I have joked in the past that in future we may need to rename the company RedMonk RedWall, and its goodness that another one of the big 4 is taking the time to help us really understand its portfolio.

I am pleasantly surprised so far by the degree to which SAP “gets it.” Apparently there is no need to send in the horny clues. There are some potential big gotchas though, so watch this space.

SAP’s Smoky Corridors (Never mind the Asparagus Fields)

SAP is interesting to cover as a professional industry analyst and amateur anthropologist, not least because of the great distance between here and Silicon Valley. I don’t mean difference of distance, but of culture. Never mind whether AJAX is real or not – there are people smoking in the corridors here, and they served blinis with SAP Chardonnay before lunch. There again – I ordered the gourmet breakfast this morning and my poor German meant that I had not realised it included sparkling wine. Two or three sips of sparkling wine before 12 o’clock – seems reasonable to me, but I am sure others would be horrified. I tend towards Louis Gerstner’s views on alcohol consumption though. And when it comes to nicotine addiction and Europeans inability to shake the habit, from SAP’s perspective this is after all the customer briefing center- why make these customers go outside just because they want a smoke?

We get so used to using “the culture” as a shorthand for American corporate culture that sometimes its easy, at least for someone that covers tech firms, to forget there is another way. As Friedman says the World is Flat, but it’s the peaks and troughs that make life interesting.

And Europe has a lot more cultural peaks and troughs than the US. Its why SAP is built from the ground up with internationalization in mind, and culture.

On Going Native in Walldorf

Is there a danger of me going native? Am I going to be nice to SAP? Well, that depends. Dennis and Vinnie might argue that I should hold the position of curmudgeon first, and analyst second, but I like to think I put the analysis first, and let the cynicism take care of itself. If SAP is nice to me, am I likely to be predisposed to its content? The question is so obvious as to be facile. But show me the man without prejudice and I will show you the wooden box they are lying in. But a predisposition is of course not an analysis.

Also – if I come to Walldorf for two days and can’t find something interesting or positive to say about SAP’s current story then I would make a pretty poor VP of sales. Its up to you to decide whether or not a visit to Walldorf will compromise my analysis of the market.

SAP is not a paying client, but the firm is already consulting with clients using the RedMonk compliance oriented architecture as a framework for discussion because the intellectual property is freely available. Someone recently told me that many people would argue that you get what you pay for, and that free content is not worth much. Well if weren’t for RedMonk’s use of the creative commons license, to drive community-building efforts, then I wouldn’t be here in Walldorf at all. Credibility, I would argue, is based on community, not necessarily associated fees (psychological research which shows people more likely to take advice they pay for, notwithstanding.) There again, the notion that enterprises would use a free operating system used to be pretty outlandish. Of course Linux isn’t free- but then neither is RedMonk. Our content is free but our advisory services certainly are not.

But back to SAP.

SAP’s New Old Guard: How did we get here

The first executive I met, before lunch, was Nils Herzberg, chief operating officer, product technology unit, Industry Solutions. He is the kind of guy that you need to talk to if you rally want to understand SAP.

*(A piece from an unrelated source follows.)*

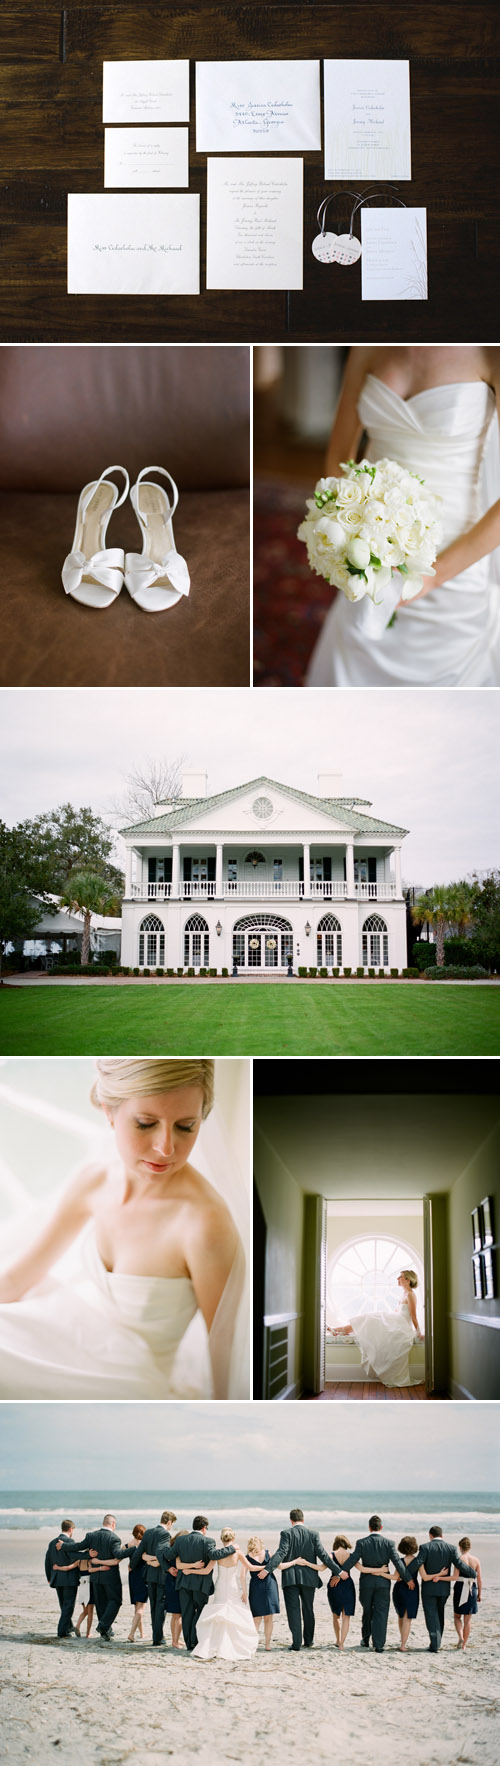 Charleston, South Carolina wedding at Lowndes Grove Plantation, navy, gray, pink and ivory wedding color ideas, photos by Virgil Bunao Photography

Nils is one of SAP’s old guard, but he has clearly transitioned to the new world. He defiantly gets it, in the sense of the increasing importance of open intellectual property in building ecosystems.

“You can only lower barriers to entry if you have gravity… You need to be attractive. You need to attract ISVs… of couse only some companies can create successful ecosystems. You need to make sure it makes money. It’s a market mechanism. It has to be the most profitable market though, to be the most successful ecosystem.”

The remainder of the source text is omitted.